A bit of economics can help explain why this could be bad news for cricket.

The economist William Baumol is known for his theory of the cost disease. It shows that some areas of human endeavour are marked by rising productivity: a worker on an assembly line today can produce far more cars than his predecessor a hundred years ago, thanks to better technology.

This is one important reason why industrial goods become cheaper in real terms.

Baumol pointed out that there are other areas of human endeavour where it is very difficult to increase productivity. A barber today perhaps shears almost the same number of people that his predecessor did a hundred years ago even if he has slightly better tools. The same applies to surgeons or musicians or chefs. This is the reason why real prices of services tend to go up as economies grow richer.

It is much the same with sportsmen.

Productivity grows very slowly. The record for the 100m dash gets improved by infinitesimal amounts of time. Nobody has run a two-minute mile yet; perhaps nobody ever will.

So it is for most sporting activities—till you come to what has happened to one half of cricketing contests in recent years.

Batsmen have seen their productivity rise in recent years. Take a look at the records for the highest scores in a limited overs game. Glenn Turner of New Zealand scored 171 against a weak East African bowling attack in the 1975 World Cup, and that too in 60 overs. Vivian Richards beat that record in 1984, or nearly a decade later, when he blasted 189 not out against an English attack.

His record stood for 13 years, till Saeed Anwar of Pakistan scored 194 against the Indian bowlers in 1997. Charles Coventry of Zimbabwe equalled him in a 2009 match against Bangladesh.

In other words: The record set by Richards in 1984 had been improved by just five runs over the next 25 years. A double hundred in a 50-over game was a distant dream. An individual score above 250 was akin to the two-minute mile.
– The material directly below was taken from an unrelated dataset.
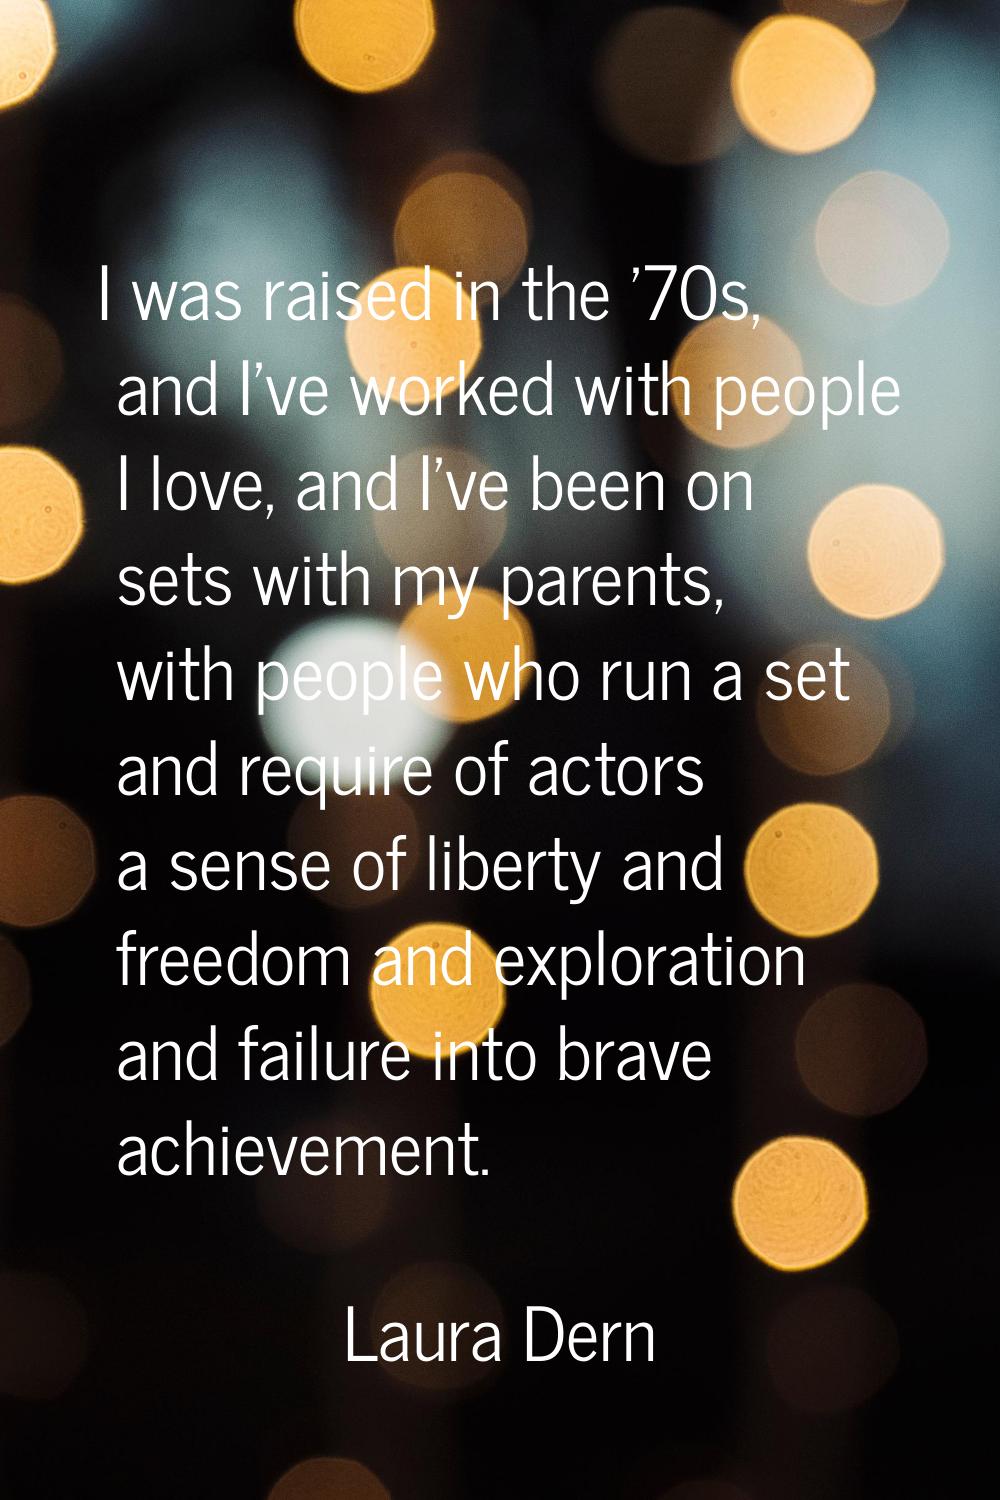 I was raised in the '70s, and I've worked with people I love, and I've been on sets with my parents

Then everything changed. There have been four double centuries since then: one each by Sachin Tendulkar and Virendra Sehwag, and two by Sharma. It is as if batsmen are becoming increasingly productive. Who knows what more lies in store for bowlers?
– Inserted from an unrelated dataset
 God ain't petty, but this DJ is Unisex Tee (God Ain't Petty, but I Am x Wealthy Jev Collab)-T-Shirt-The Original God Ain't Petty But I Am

Meanwhile, the poor bowlers remain trapped in the dynamics of the Baumol cost disease. Mitchell Johnson today is not much faster than Jeff Thomson was some four decades ago. Now just imagine what would have happened if the productivity of bowlers had progressed at the same rate as batsmen. You would have had fast bowlers hurling the cherry at 200 kmph. Now that would be something.

It is a common grouse that batsmen have benefited from better bats. Even a mishit soars above the boundary these days. Tennis players also have better rackets, but the competitors on both sides of the net have equal access to the tools of power tennis.

In cricket, on the other hand, contests have become imbalanced because bowlers have had no comparable technological advance to take advantage of. Even some of the cricket balls are made to swing less these days.

The batsmen have escaped the clutches of the Baumol cost disease with new batting technology while the ill-fated bowlers have had no such luck.

And there lies one of the core problems of modern cricket.